# Routing square



## srf63 (Nov 19, 2014)

Hello this is my first post.
I need perfectly square pieces of 3/4" plywood for sculptures. Routing has been the answer. My problem is that when I do cut up 4'x8' plywood the router cut to the "waste" side is not square.
See attached drawing.
Thanks I appreciate any help I can get. This is probably going to be like the guy 20 yrs ago who called tech support concerning his first computer and asked, "I cant get this foot pedal to work", to which the tech person replied,"Its not a foot pedal its called a mouse and you use it on top of your desk" 
Steve


----------



## Cherryville Chuck (Sep 28, 2010)

Welcome to the forum Steve. You obviously have a guide on the one side so that is the side that is good. In the meantime the router is bouncing around on the other side. It could be that you are feed in the wrong direction. Going one way, the force of the bit in the cut will push the router against the guide. Going the other direction it will pull it away from it. Sometimes it is also hard to control the bit when routing across the full face of the bit. My suggestion would be to cut the piece off with a saw and then take a small cut along the edge to clean it up. Otherwise I would use a guide on both sides of the router so that it can't dance around. Also, if you are starting the cut as a plunge make sure you are using a plunge cutting bit. Some aren't designed to plunge.


----------



## OPG3 (Jan 9, 2011)

Steve, it appears to me that Charles "nailed it". Your first cut (the shallowest) has a lot of bounce-around. It appears you held a tighter tolerance with your subsequent cut and your final cut appears to be what you were hoping for throughout. 

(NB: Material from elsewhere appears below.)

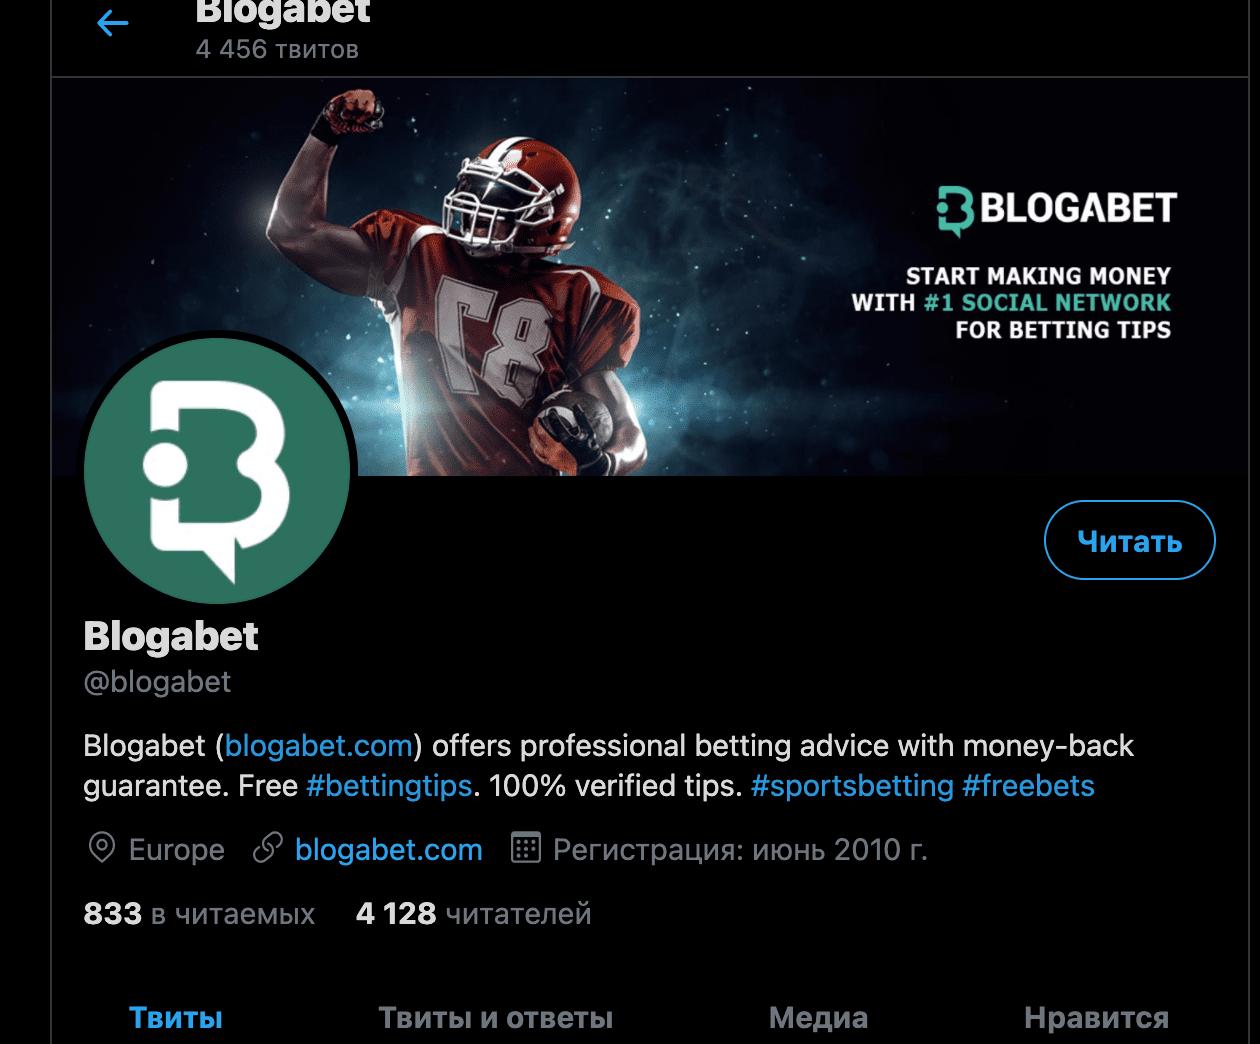 Твиттер аккаунт проекта Блогабет.ком(Blogabet)

Otis Guillebeau from Auburn, Georgia


----------



## DesertRatTom (Jul 3, 2012)

Looks to me like Chuck has the answer. I too would make a table saw cut, then clean up with the router. If you had a pretty fine tooth blade in the saw and a zero clearance insert to eliminate tear out, you could possibly do the final cut on the saw. You can also put masking tape across the cut line as well. I use an 80 tooth Freud blade and get baby's behind smooth cuts even without the tape.


----------



## Herb Stoops (Aug 28, 2012)

I use my bosch cordless circular saw to cut the plywood with a straight edge. Then run it thru the table saw with a Freud glue joint rip blade. If you cut it with a saw first (a litttle wider than needed ) then clean it up with your router you will get a lot less waste than trying to cut it with a router, and a lot less effort too, 3 cuts with a pouter and a clean up cut on the off-cut is more work than one saw cut and two router cuts. And further, the glue in plywood raises heck with a router bit, so your bit life will be longer.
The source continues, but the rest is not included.